Part 2: The Problem — Why Naive Generation is Slow

When a language model generates text, it works autoregressively — one token at a time:

Input: “The cat sat”
Output: “on”
New input: “The cat sat on”
Output: “the”
New input: “The cat sat on the”
Output: “mat”

The Naive Approach (Without Caching)

At step 5, when processing “The cat sat on the”, the naive approach would:

Project every token (“The”, “cat”, “sat”, “on”, “the”) to get Q, K, V matrices
Compute attention over all 5 tokens
Generate the next token

At step 6, when processing “The cat sat on the mat”:

Project all 6 tokens again (even though 5 haven’t changed!)
Compute attention over all 6 tokens
Generate the next token

The waste: Tokens 1-5 haven’t changed, but we recompute their K and V projections every single step!

Complexity Analysis

Step 1: Process 1 token
Step 2: Process 2 tokens
Step 3: Process 3 tokens
…
Step n: Process n tokens

Total work: 1 + 2 + 3 + … + n = O(n²)

For generating 1000 tokens, you’re doing ~500,000 token projections instead of 1,000!
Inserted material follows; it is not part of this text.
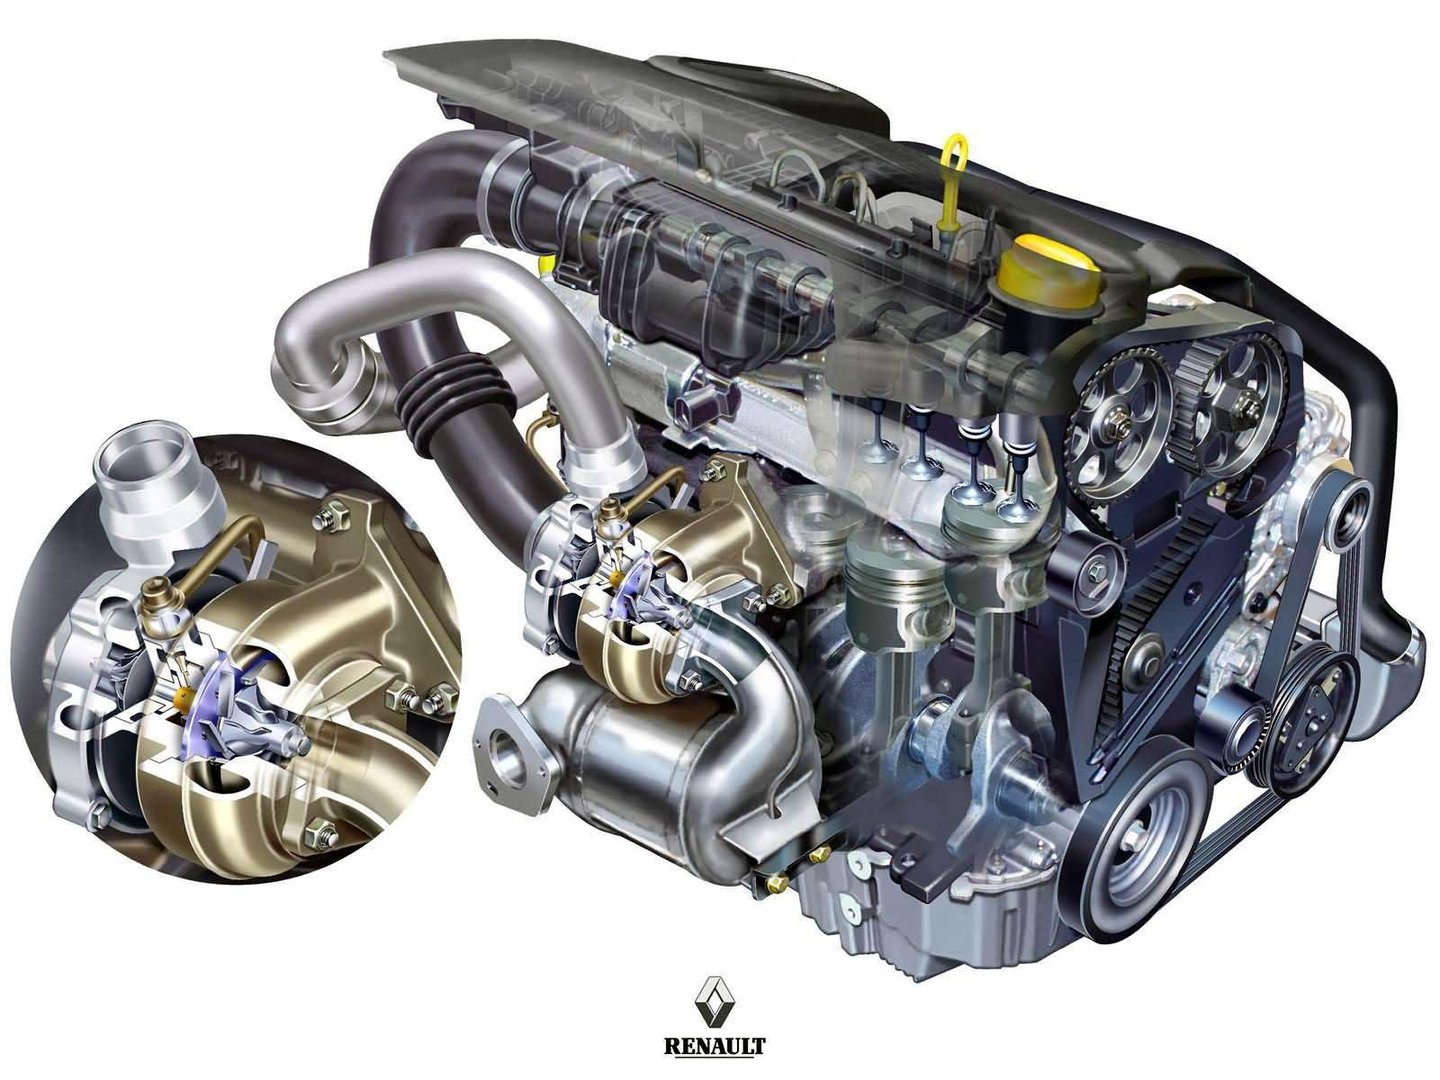 Novo 1.7 dCi. Revolução nos diesel da Renault Observador
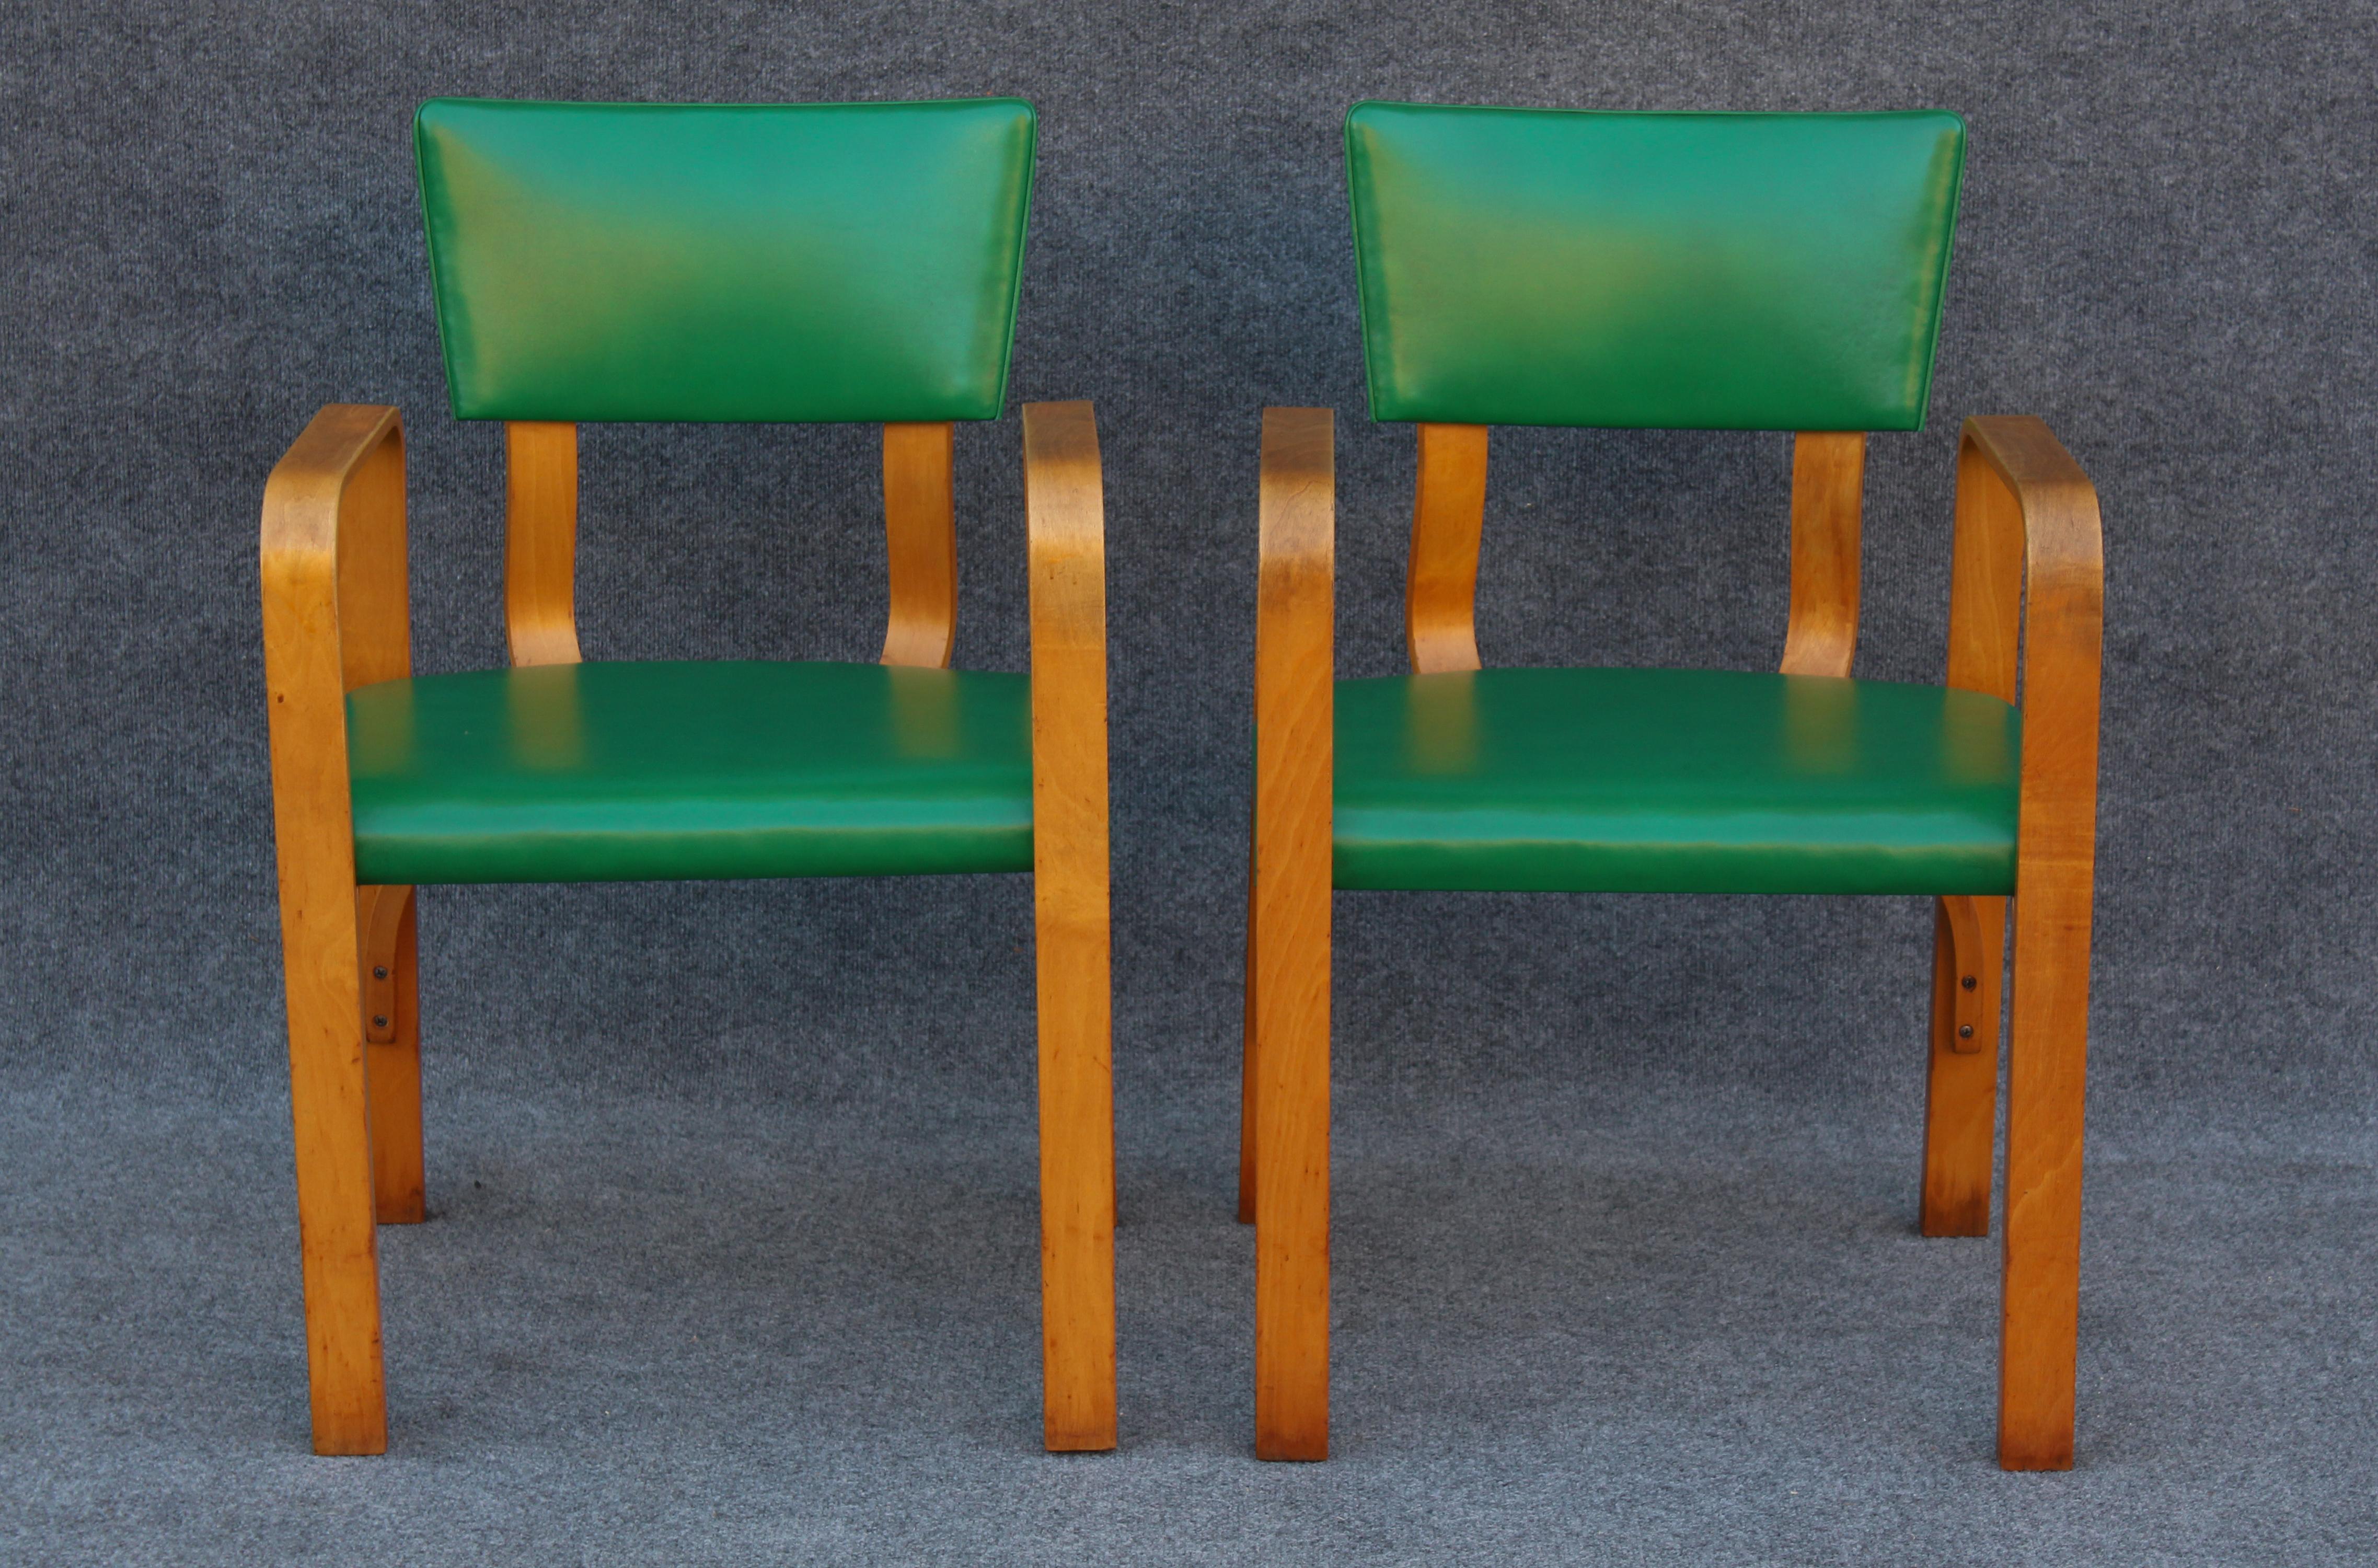 Diese Stuhlserie wurde Anfang der 1960er Jahre von Thonet entworfen, hergestellt und in den Vereinigten Staaten vertrieben. Das Unternehmen Thonet entstand in den 1850er Jahren in Deutschland, nachdem der Gründer Michael Thonet mit einer

Part 3: The Solution — KV-Caching

Three-step visual: attention needs Q/K/V, naive generation recomputes everything every step (O(n²)), KV-cache only computes the new token each step (O(n)) — trading memory for speed

The Key Insight

Once a token is processed, its Key and Value projections never change. Only the Query for the new token needs to be computed.

Why Only K and V? (The Active vs. Passive Distinction)

You might wonder: Q, K, and V are all computed from a token’s hidden state — why cache only K and V?

The answer lies in how attention uses each matrix:

Matrix	Role	Why It’s Cached (or not)
Query (Q)	Active — asks “what should I look for?”	Only needed when token i is being generated. Once token i exists, it never needs to “ask questions” again.
Key (K)	Passive — answers “what do I contain?”	Every future token needs to look up token i’s info. K_i must stay in cache so future queries can find it.
Value (V)	Passive — provides “here’s my information”	Same as K — future tokens need to retrieve token i’s actual content.

The asymmetry: When generating token N+1, we compute a fresh $Q_{N+1}$ to “ask questions” about all previous tokens. But we only need to look up cached $K_1$ … $K_N$ and $V_1$ … $V_N$ — we never need old Q’s again.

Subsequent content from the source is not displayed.